◆ Task item ◆
Recreate the listing that follows line for line, without pictures.

◆ Supplied information ◆
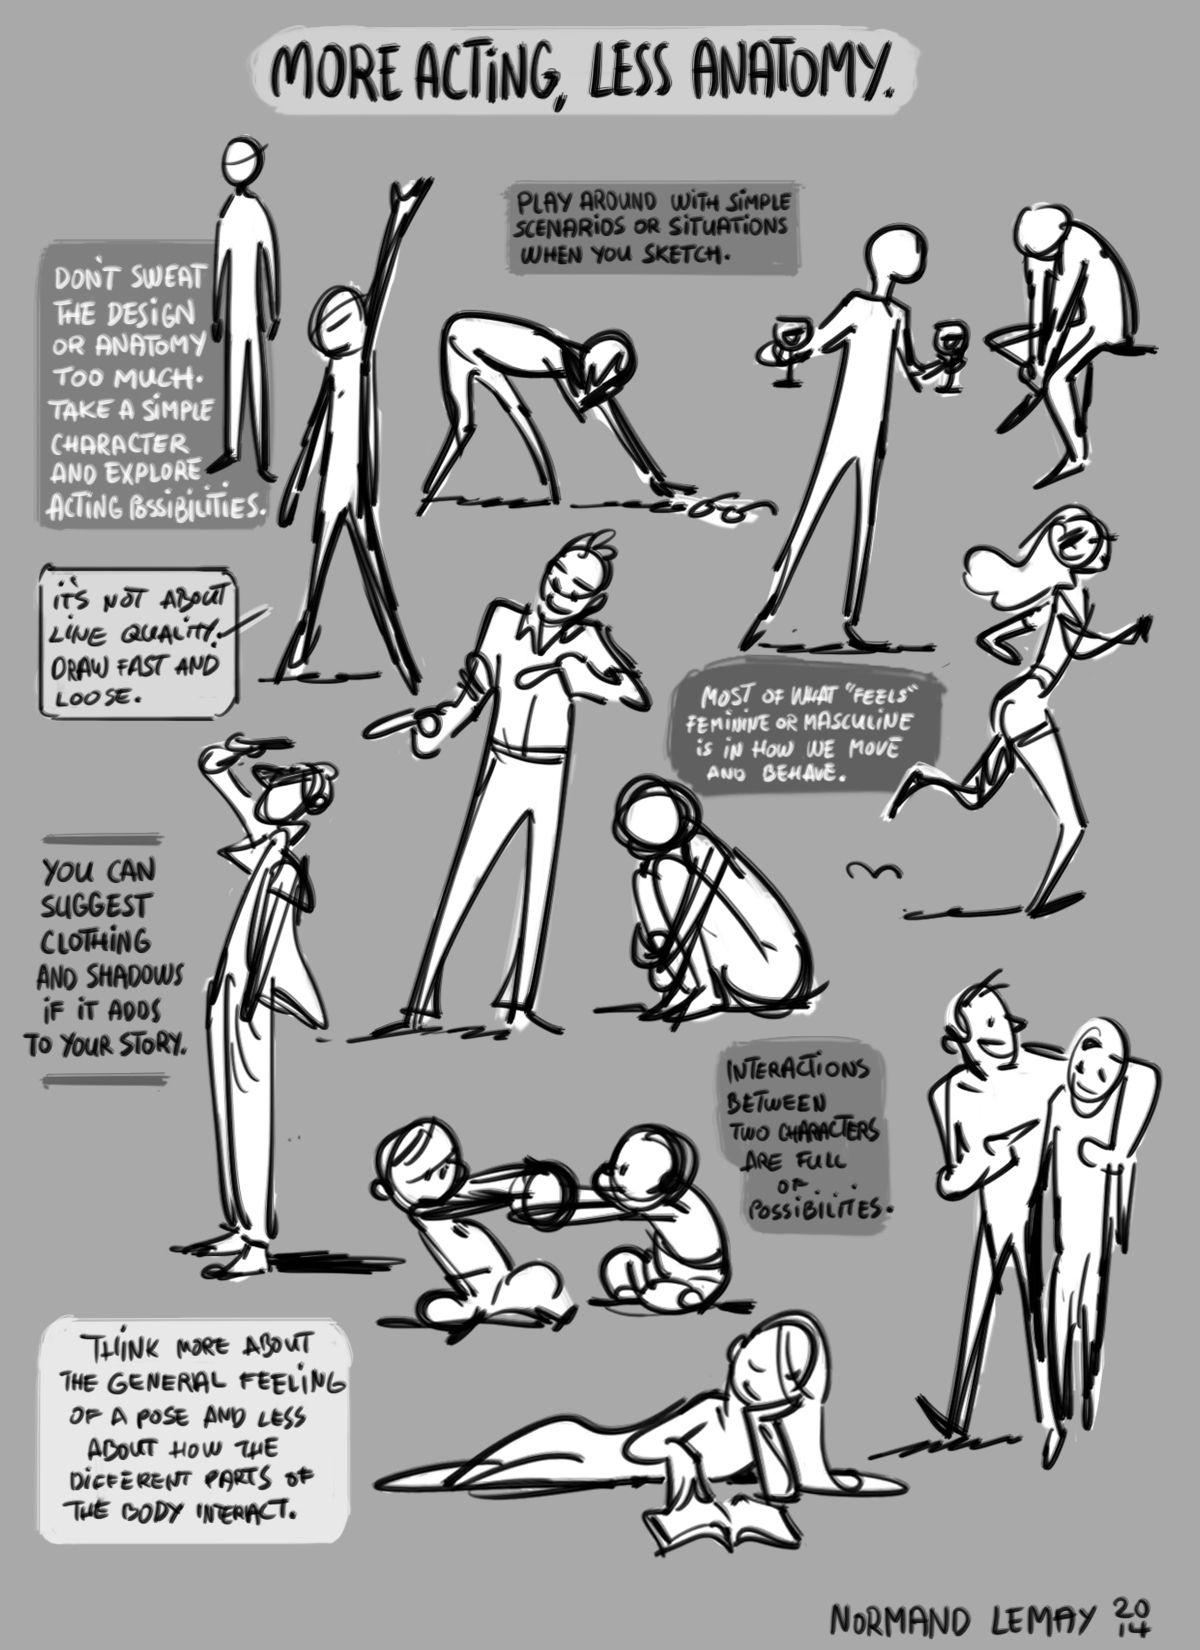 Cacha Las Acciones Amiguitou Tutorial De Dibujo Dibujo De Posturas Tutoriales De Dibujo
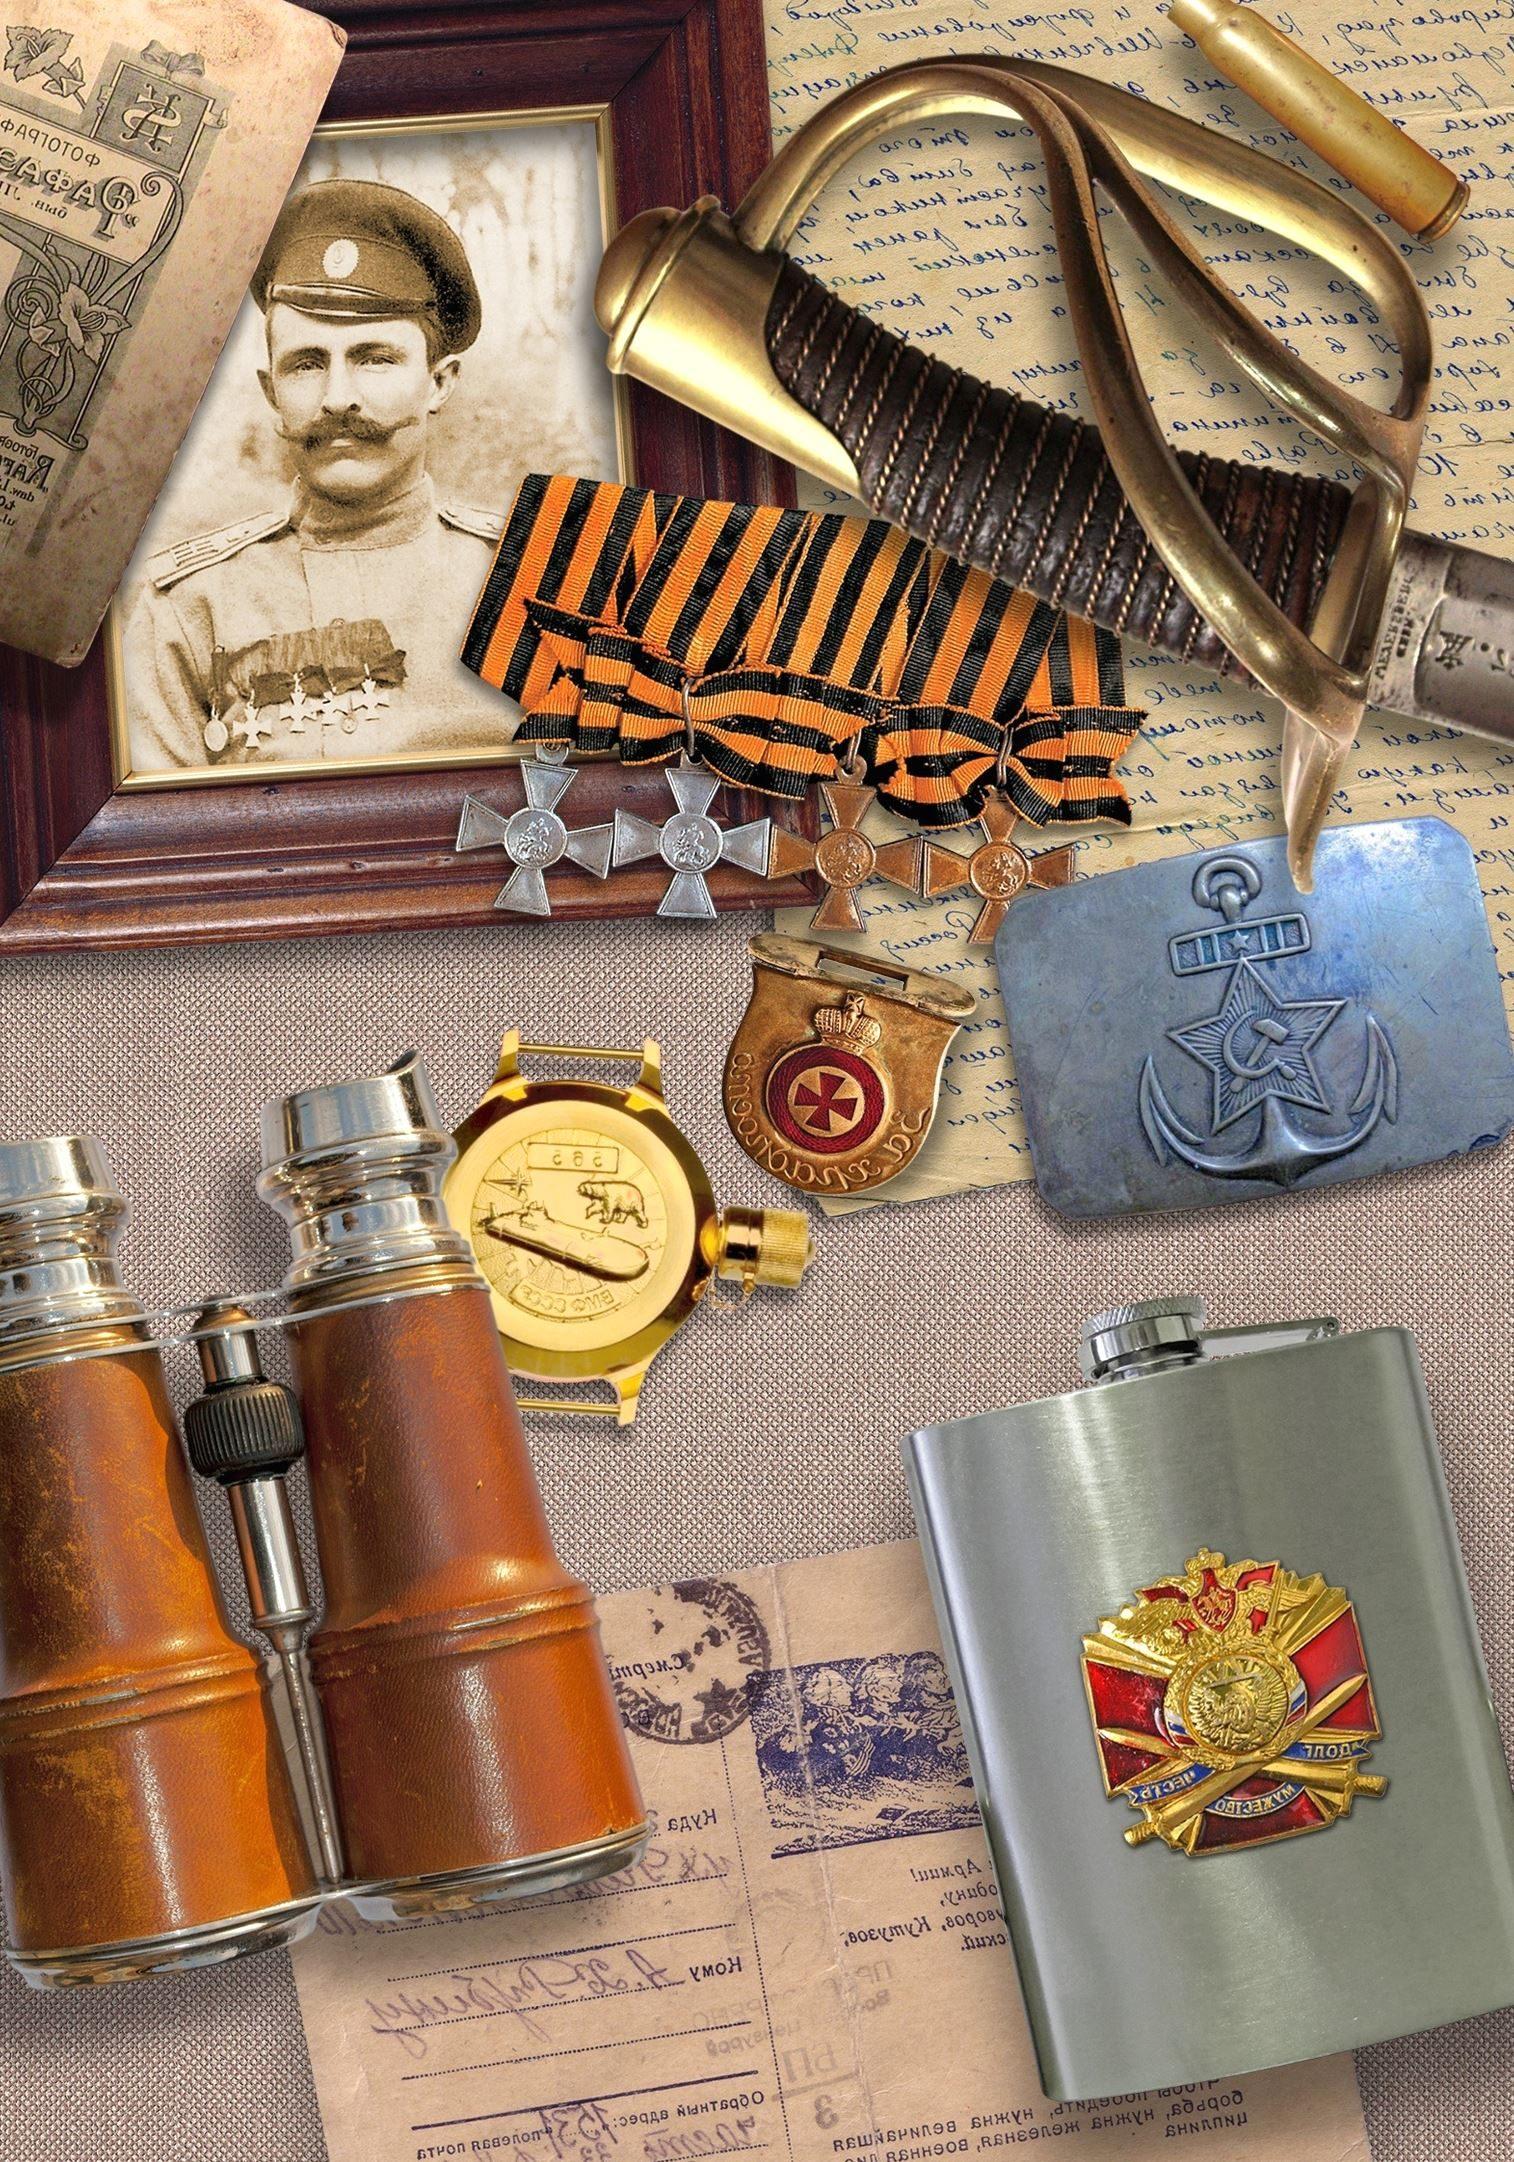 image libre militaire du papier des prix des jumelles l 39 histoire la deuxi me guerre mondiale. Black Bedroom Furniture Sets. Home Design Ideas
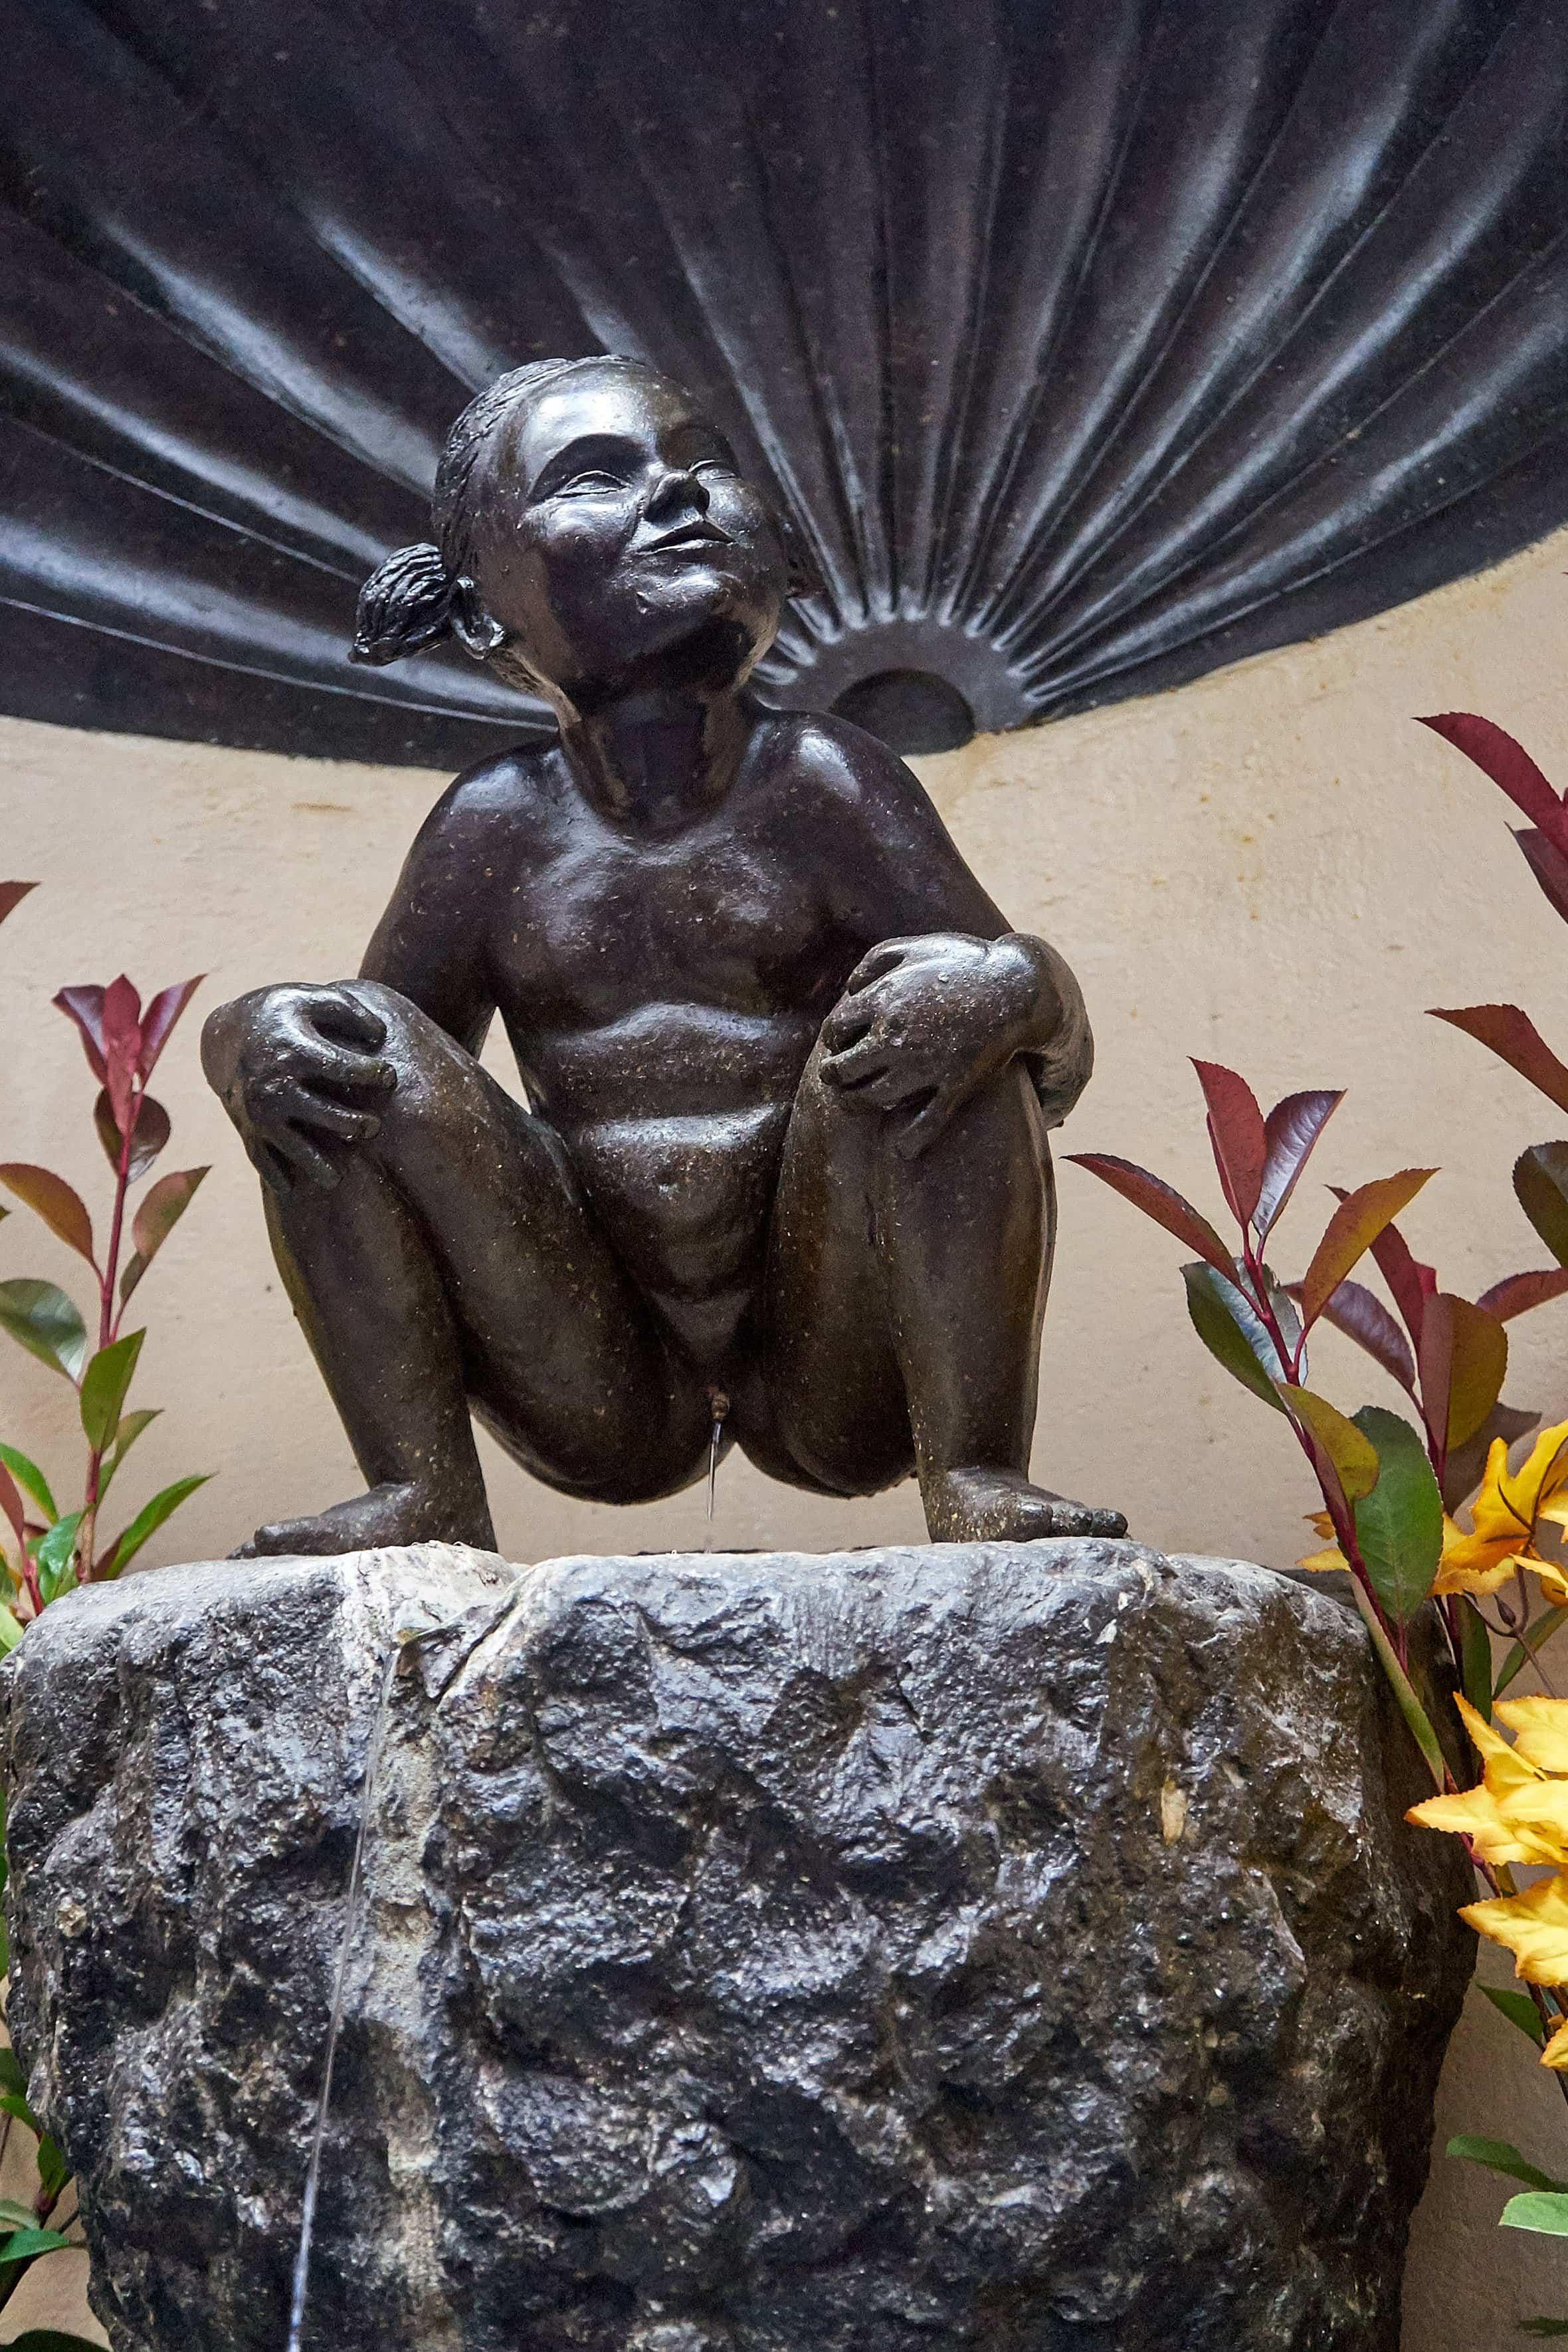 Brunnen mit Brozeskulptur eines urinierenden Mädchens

◆ Result for this exercise ◆
 Cacha Las Acciones Amiguitou Tutorial De Dibujo Dibujo De Posturas Tutoriales De Dibujo
 image libre militaire du papier des prix des jumelles l 39 histoire la deuxi me guerre mondiale. Black Bedroom Furniture Sets. Home Design Ideas
 Brunnen mit Brozeskulptur eines urinierenden Mädchens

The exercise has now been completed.